General characteristics
- Class & type: Type VIIC/41 submarine
- Displacement: 759 tonnes (747 long tons) surfaced; 860 t (846 long tons) submerged;
- Length: 67.10 m (220 ft 2 in) o/a; 50.50 m (165 ft 8 in) pressure hull;
- Beam: 6.20 m (20 ft 4 in) o/a; 4.70 m (15 ft 5 in) pressure hull;
- Height: 9.60 m (31 ft 6 in)
- Draught: 4.74 m (15 ft 7 in)
- Installed power: 2,800–3,200 PS (2,100–2,400 kW; 2,800–3,200 bhp) (diesels); 750 PS (550 kW; 740 shp) (electric);
- Propulsion: 2 shafts; 2 × diesel engines; 2 × electric motors;
- Speed: 17.7 knots (32.8 km/h; 20.4 mph) surfaced; 7.6 knots (14.1 km/h; 8.7 mph) submerged;
- Range: 8,500 nmi (15,700 km; 9,800 mi) at 10 knots (19 km/h; 12 mph) surfaced; 80 nmi (150 km; 92 mi) at 4 knots (7.4 km/h; 4.6 mph) submerged;
- Test depth: 230 m (750 ft); Calculated crush depth: 250–295 m (820–968 ft);
- Complement: 44-52 officers & ratings
- Armament: 5 × 53.3 cm (21 in) torpedo tubes (4 bow, 1 stern); 14 × torpedoes; 1 × 8.8 cm (3.46 in) deck gun (220 rounds); 1 × 3.7 cm (1.5 in) Flak M42 AA gun; 2 × 2 cm (0.79 in) C/30 AA guns;

Service record
- Part of: 5th U-boat Flotilla; 23 September 1944 – 9 April 1945;
- Identification codes: M 43 832
- Commanders: Oblt.z.S. Johannes Panitz; 23 September 1944 – 9 April 1945;
- Operations: 1 patrol:; 4 – 9 April 1945;
- Victories: None

= German submarine U-1065 =

German World War II submarine

German submarine U-1065 was a Type VIIC/41 U-boat of Nazi Germany's Kriegsmarine during World War II.

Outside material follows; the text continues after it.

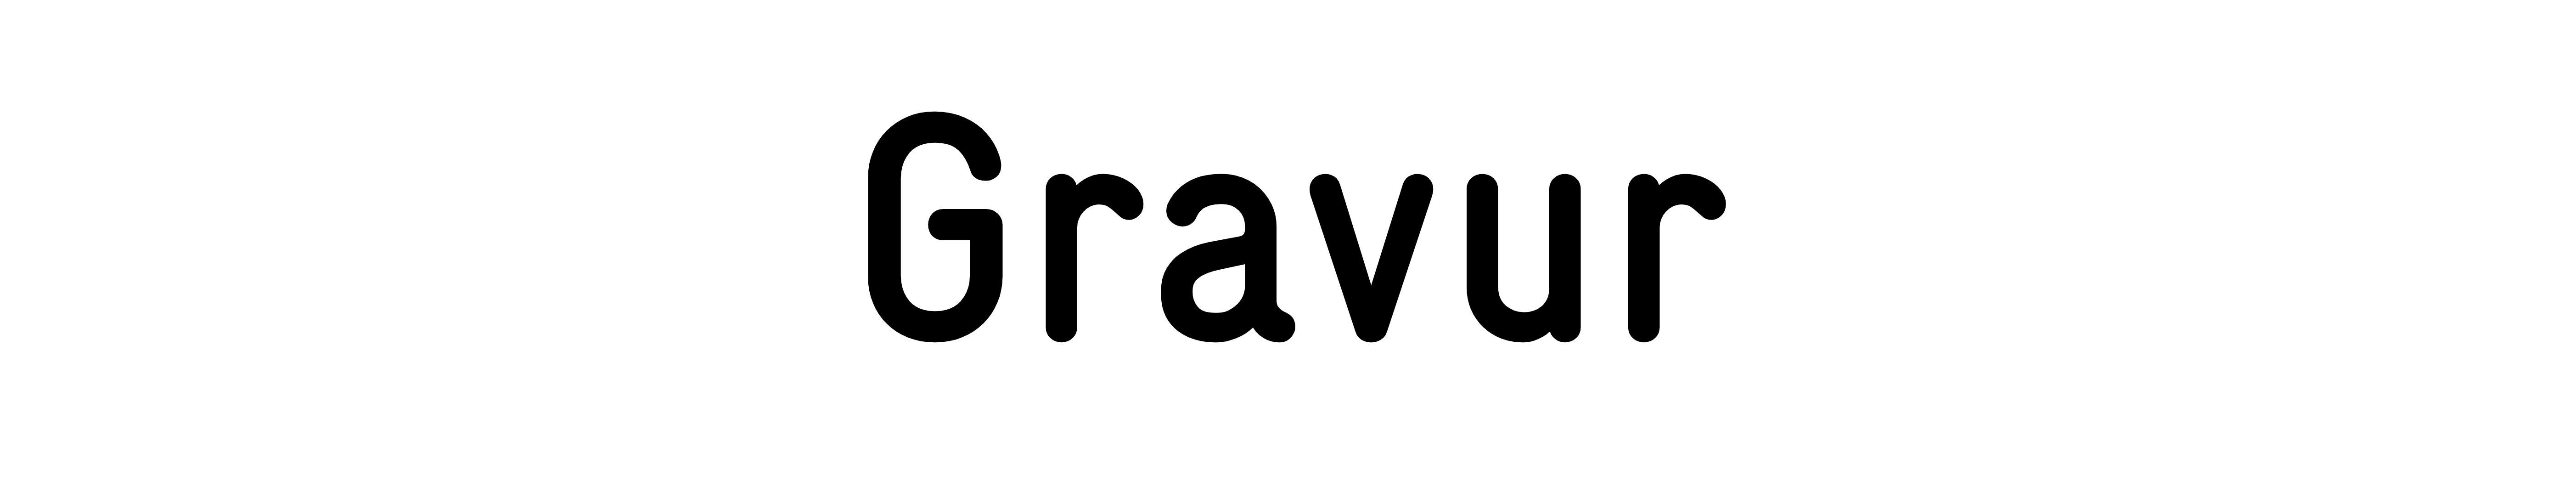 Gravur

She was ordered	on 14 October 1941, and was laid down on 23 September 1943 at Friedrich Krupp Germaniawerft, Kiel, as yard number 702. She was launched on 3 August 1944 and commissioned under the command of Oberleutnant zur See Johannes Panitz on 23 September of that year.

==Design==
German Type VIIC/41 submarines were preceded by the heavier Type VIIC submarines. U-1065 had a displacement of 759 t when at the surface and 860 t while submerged. She had a total length of 67.10 m, a pressure hull length of 50.50 m, a beam of 6.20 m, a height of 9.60 m, and a draught of 4.74 m. The submarine was powered by two Germaniawerft F46 four-stroke, six-cylinder supercharged diesel engines producing a total of 2800 to 3200 PS for use while surfaced, two AEG GU 460/8–27 double-acting electric motors producing a total of 750 PS for use while submerged. She had two shafts and two 1.23 m propellers. The boat was capable of operating at depths of up to 230 m.

The submarine had a maximum surface speed of 17.7 kn and a maximum submerged speed of 7.6 kn. When submerged, the boat could operate for 80 nmi at 4 kn; when surfaced, she could travel 8500 nmi at 10 kn. U-1065 was fitted with five 53.3 cm torpedo tubes (four fitted at the bow and one at the stern), fourteen torpedoes, one 8.8 cm SK C/35 naval gun, (220 rounds), one 3.7 cm Flak M42 and two 2 cm C/30 anti-aircraft guns. The boat had a complement of between forty-four and sixty.

==Service history==

U-1065 had a very short career. While she was commissioned on 23 September 1944, she was not assigned to a flotilla until 1 April 1945. She spent the intervening six months training with the 5th U-boat Flotilla. At the end of her training, she was formally assigned to the same flotilla. She began her first patrol on 4 April 1945, but was sunk after only six days at sea.

===First patrol and loss===
U-1065's first patrol took her from her home port of Kiel in northern Germany towards occupied Norway. However, while en route to Norway in company with another of the Flotilla's boats, , the two submarines were detected and attacked in the Skagerrak strait by 34 de Havilland Mosquito aircraft from three separate Royal Air Force squadrons. During the attack, U-1065 was able to shoot down one of the Mosquitos with her anti-aircraft guns. However, she was then hit by several rockets from 10 separate Mosquitos from 143 and 235 Squadron; she exploded and sank with the loss of her entire crew of 45 men.

The accompanying vessel, U-804, was also hit by rockets from the Mosquitos during the altercation. She exploded and rapidly sank with the loss of her entire crew of 55 men.